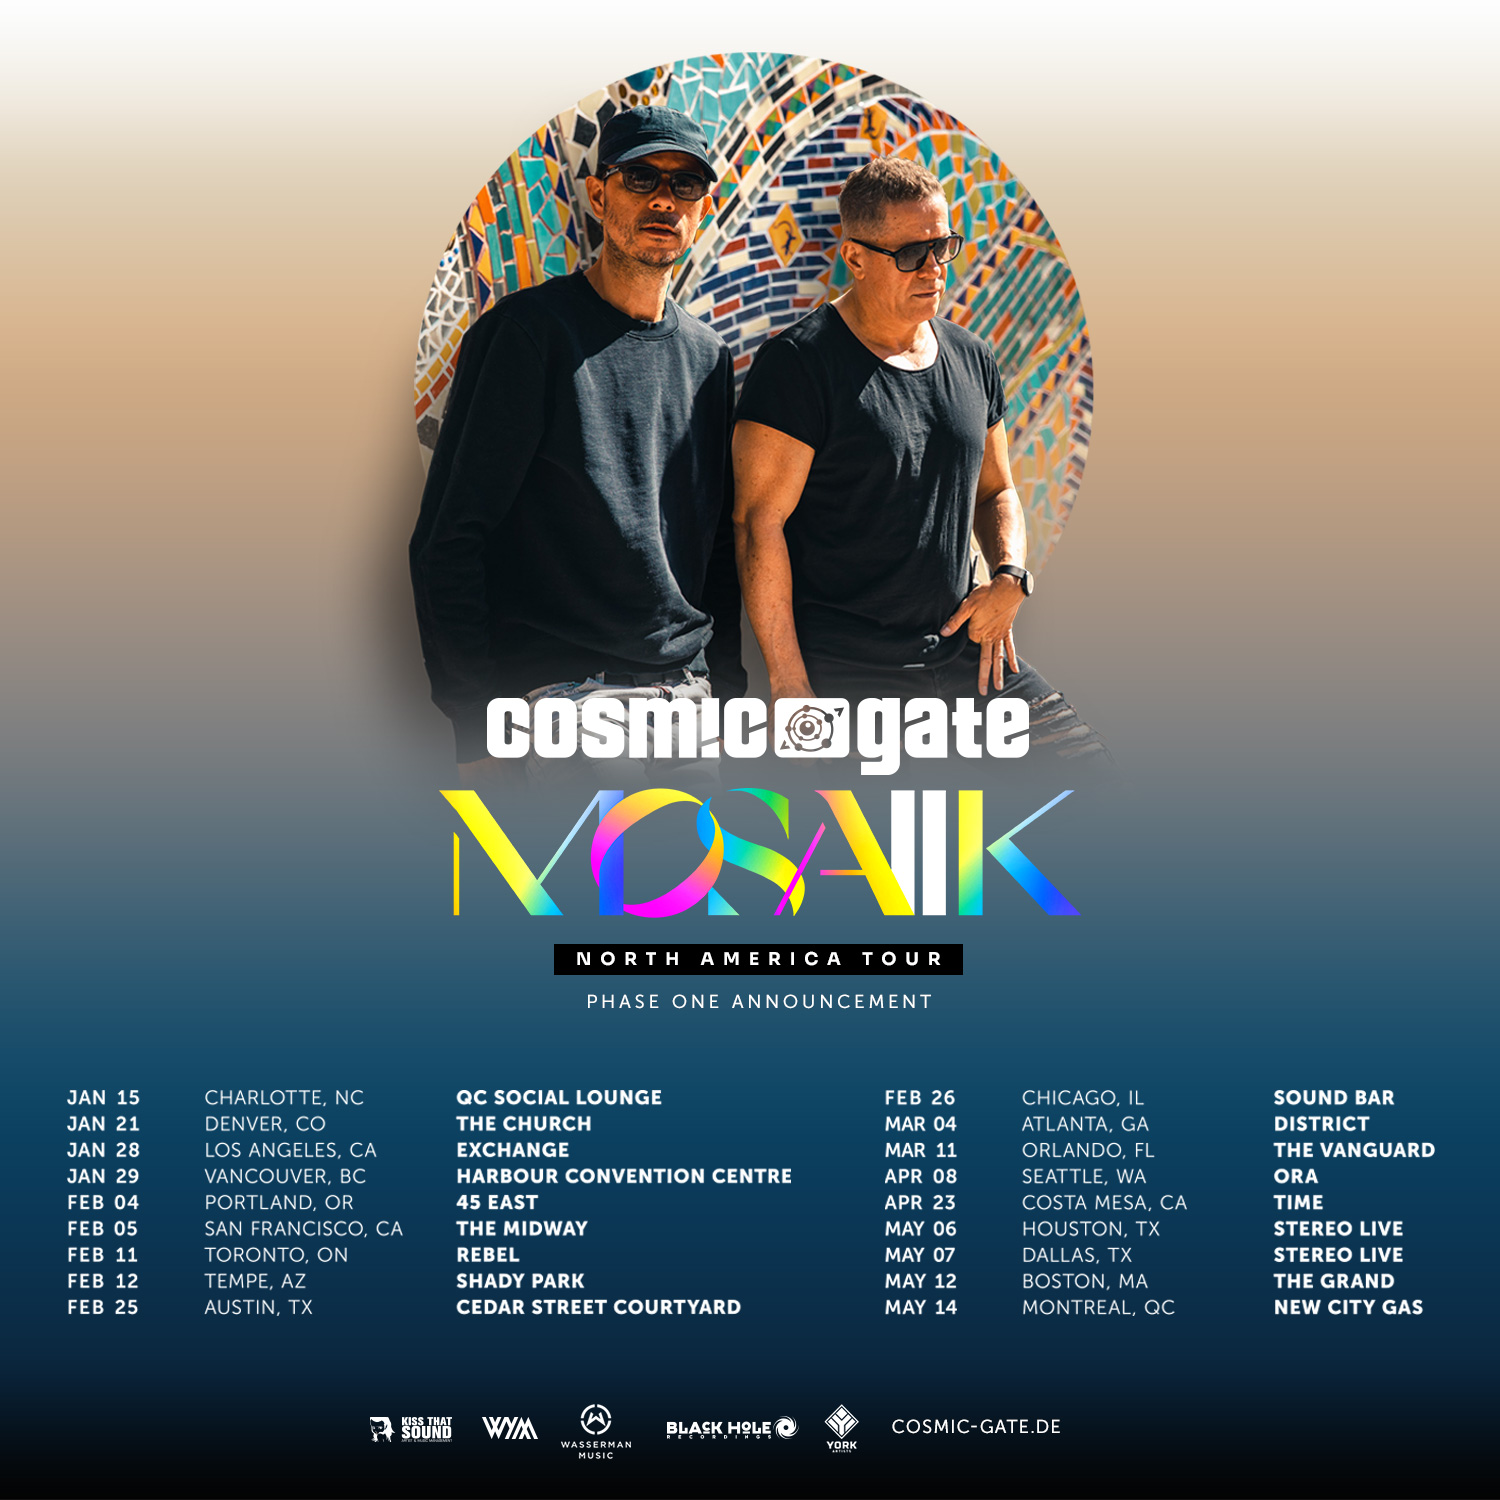 Cosmic Gate North American MOSAIIK ALBUM tour coming January 2022
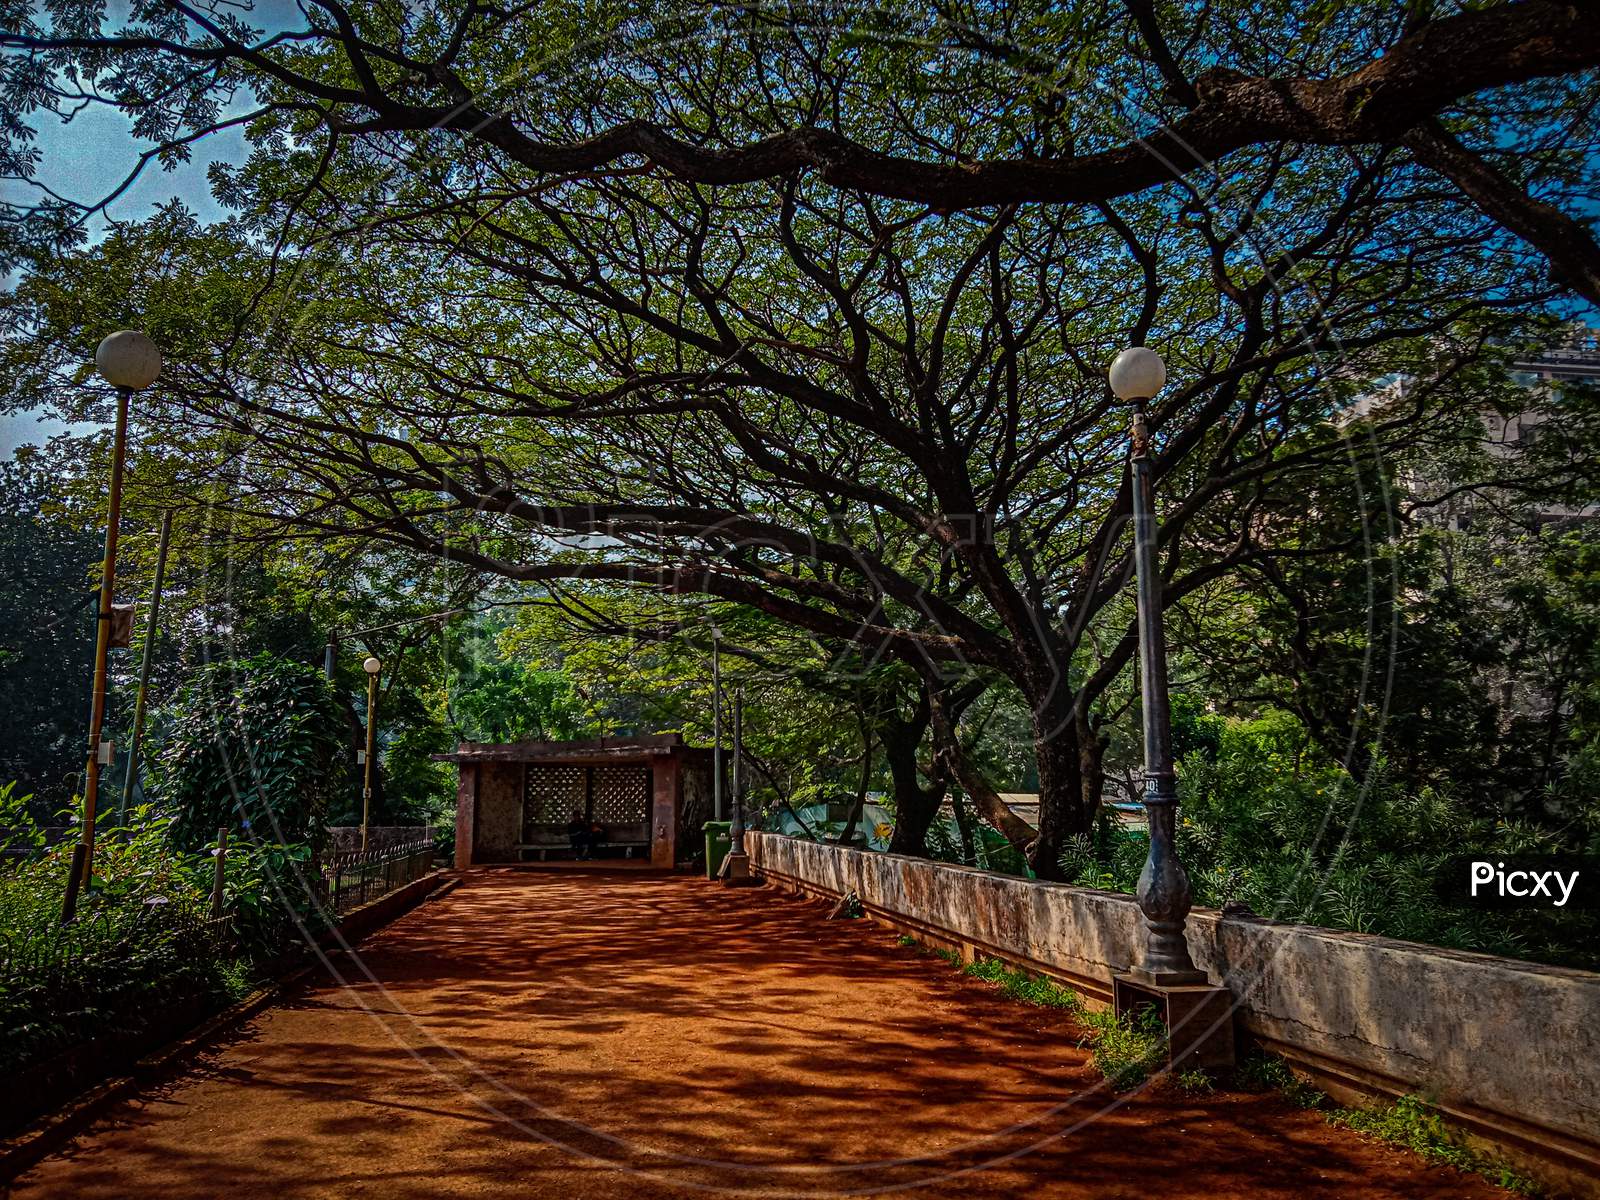 An aesthetic view of Botanical gardens in Mumbai .
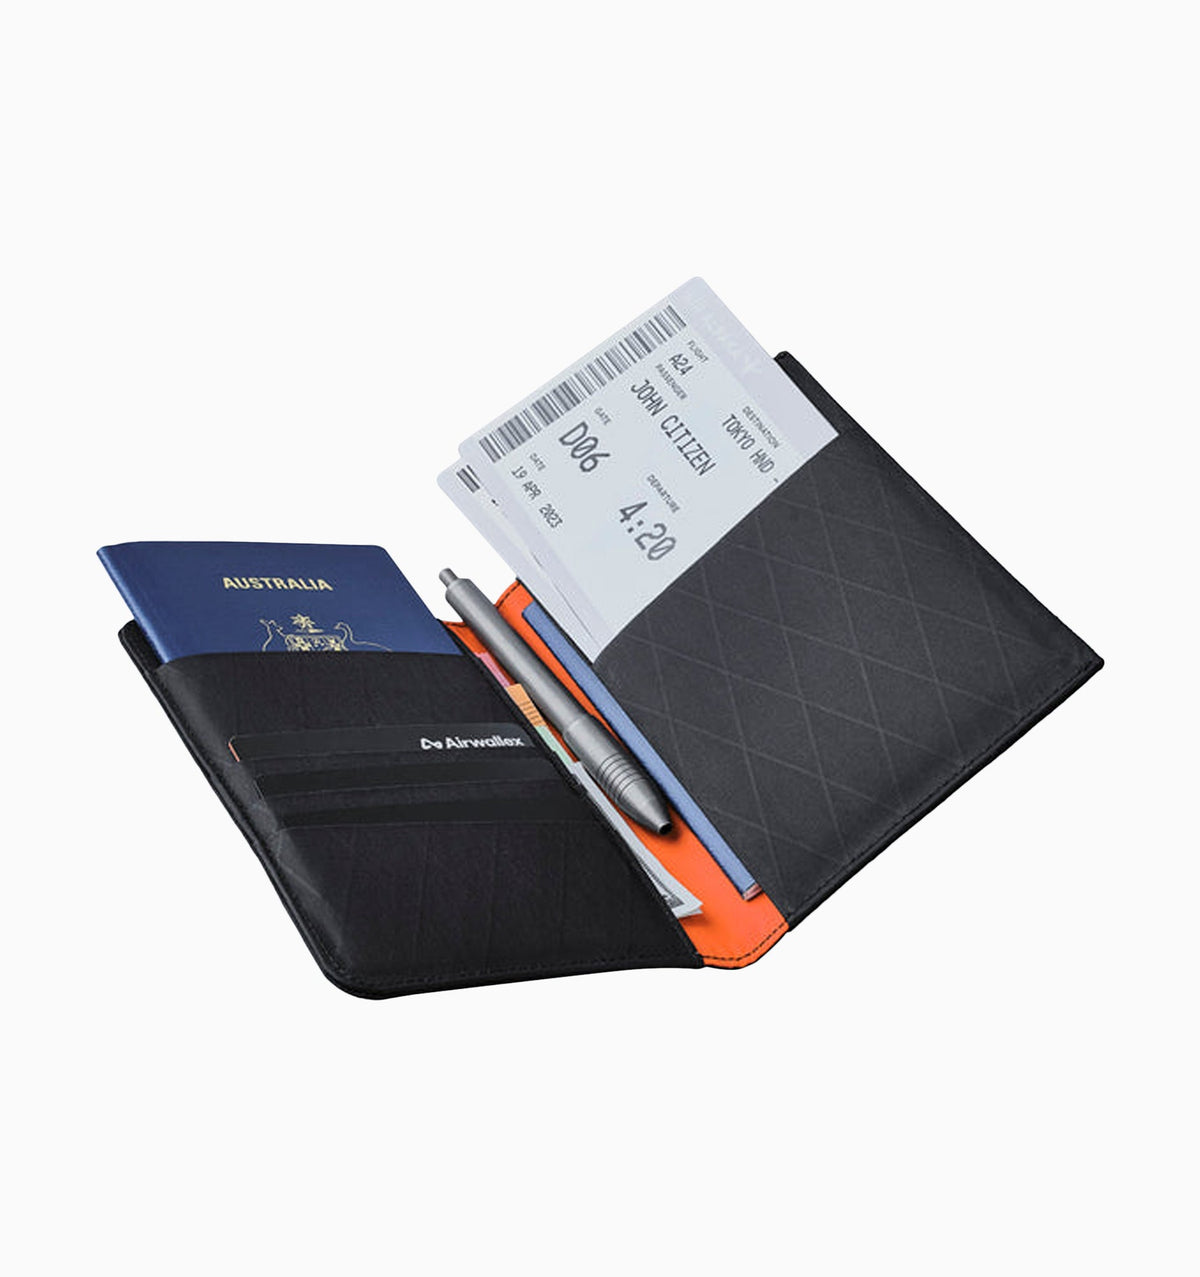 Alpaka ARK Bifold Passport Wallet - Black VX21
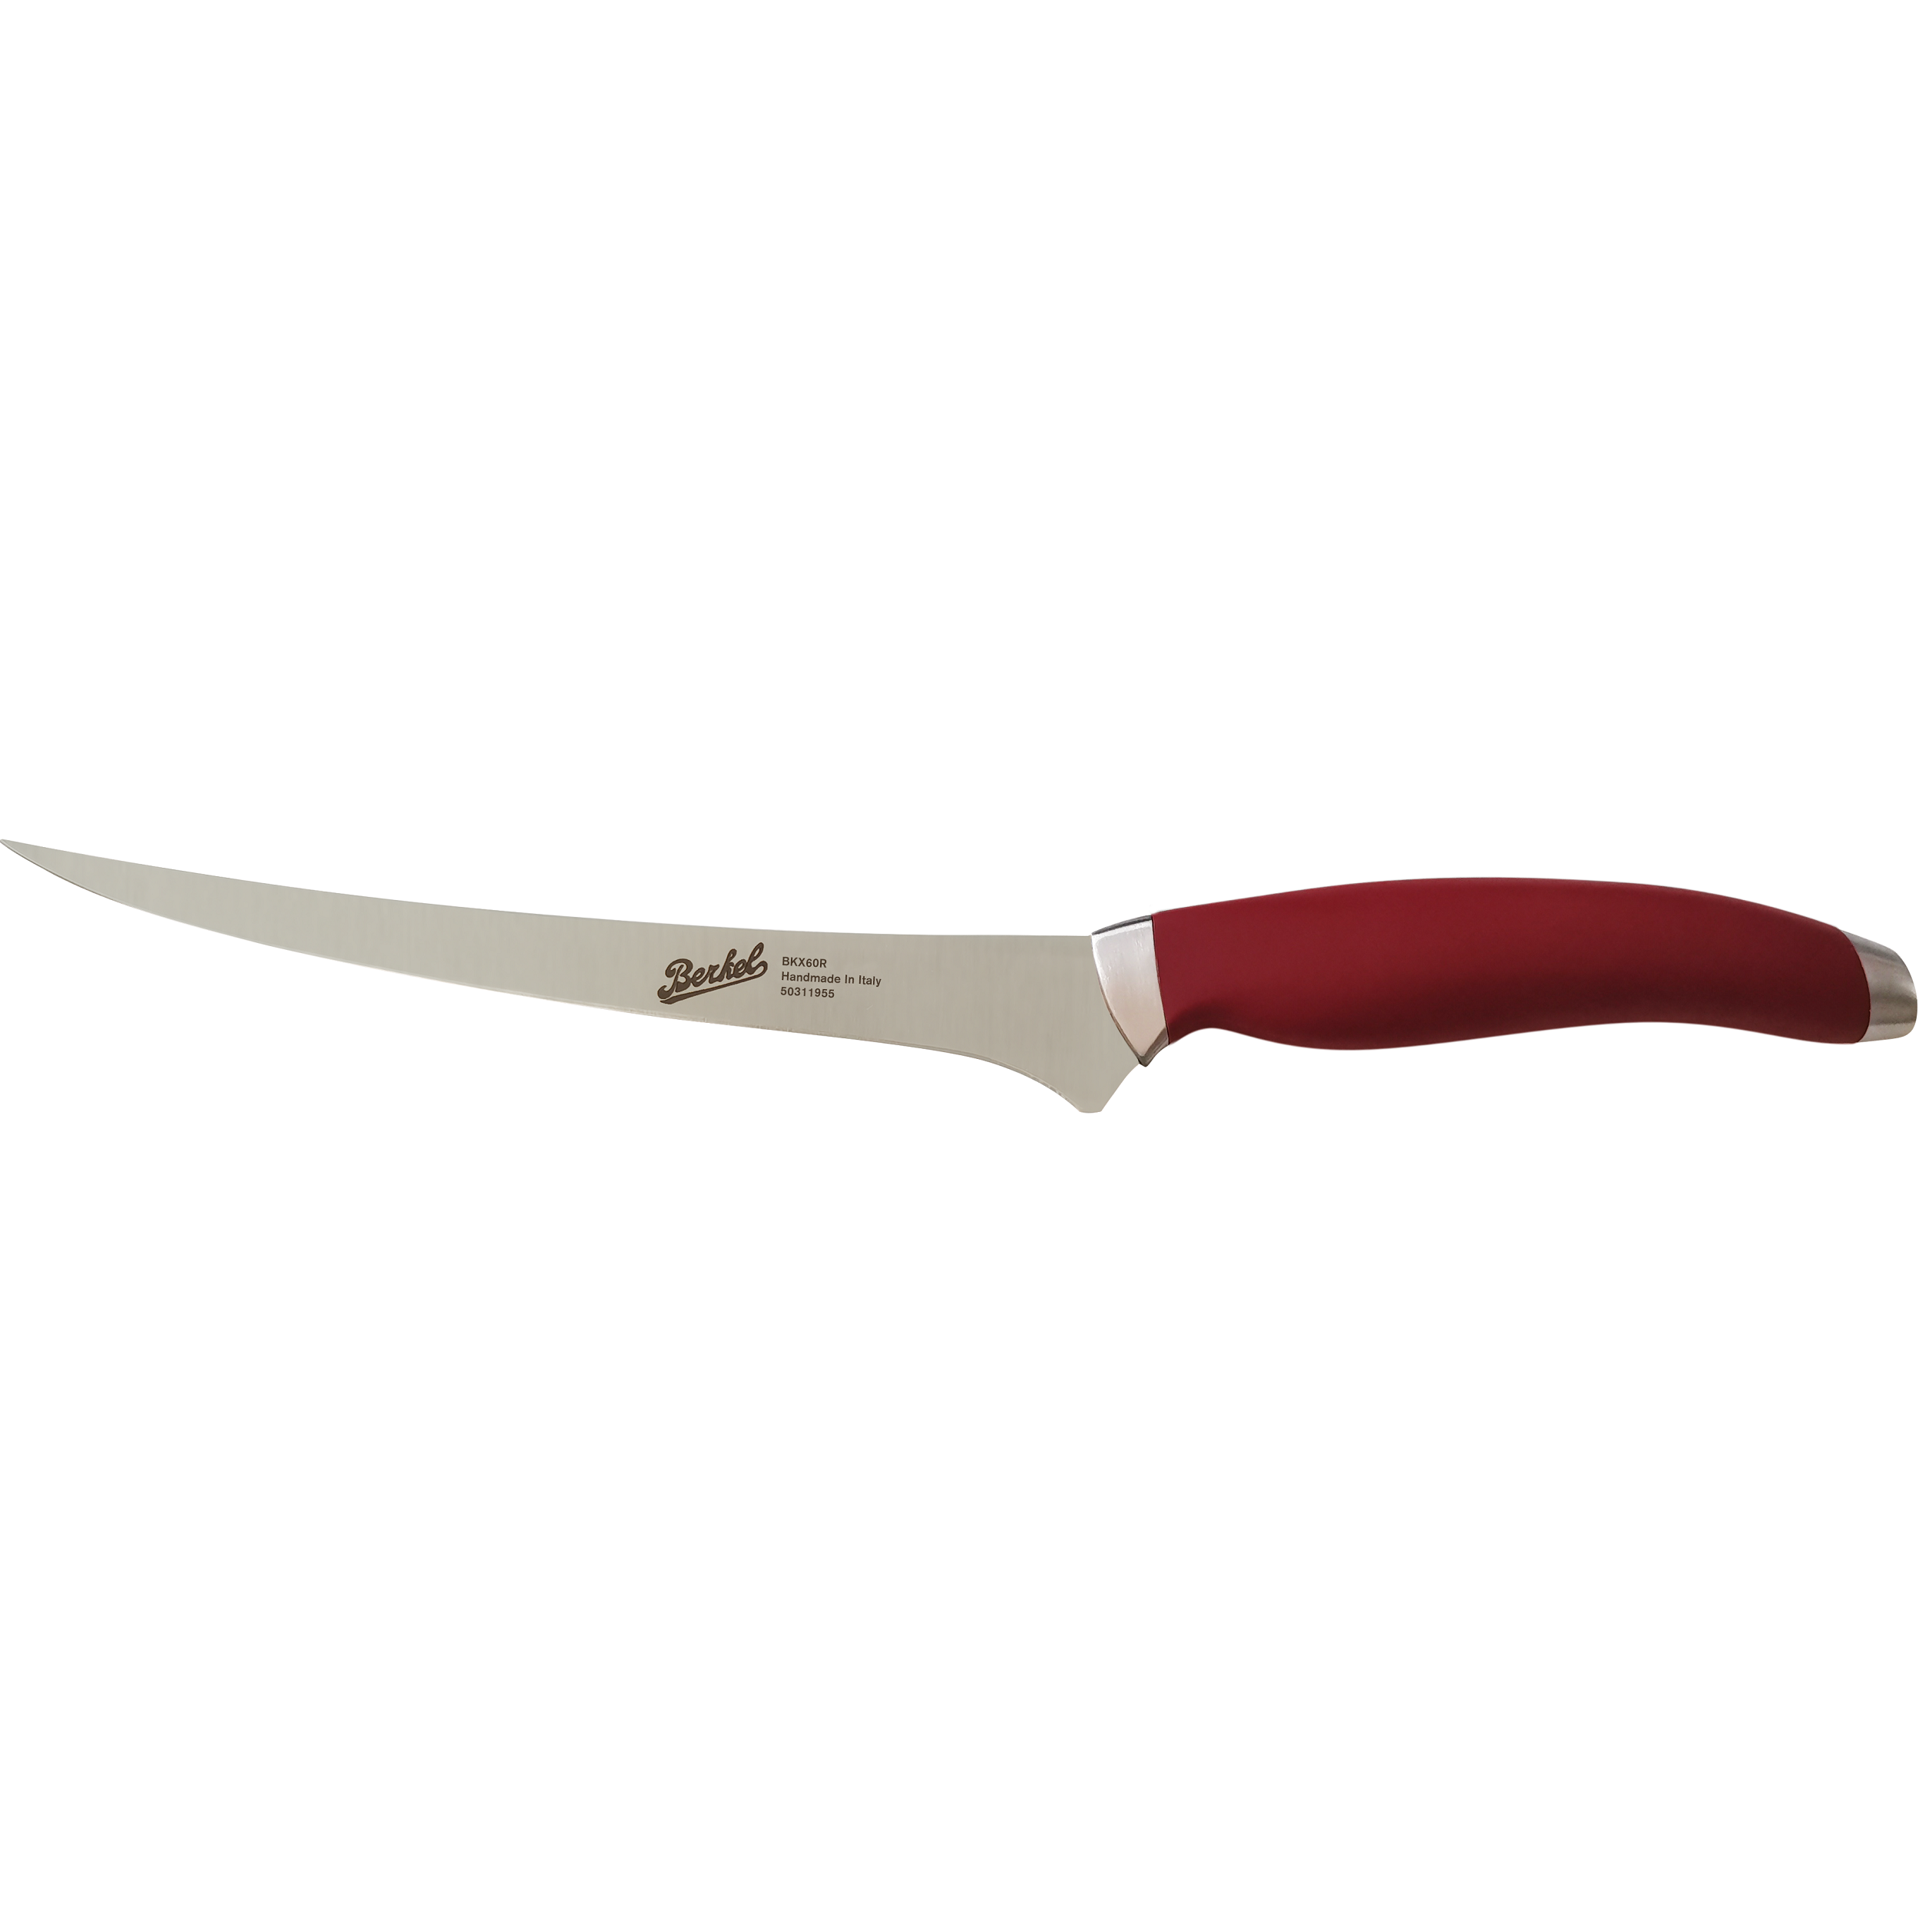 Berkel Teknica Fillet knife 19 cm Red
········
Copy the whole of the material above exactly, but not its images.

**SOLUTION BELOW:**
 Cosmic Gate North American MOSAIIK ALBUM tour coming January 2022
 An aesthetic view of Botanical gardens in Mumbai .
 Alpaka ARK Bifold Passport Wallet - Black VX21
 Berkel Teknica Fillet knife 19 cm Red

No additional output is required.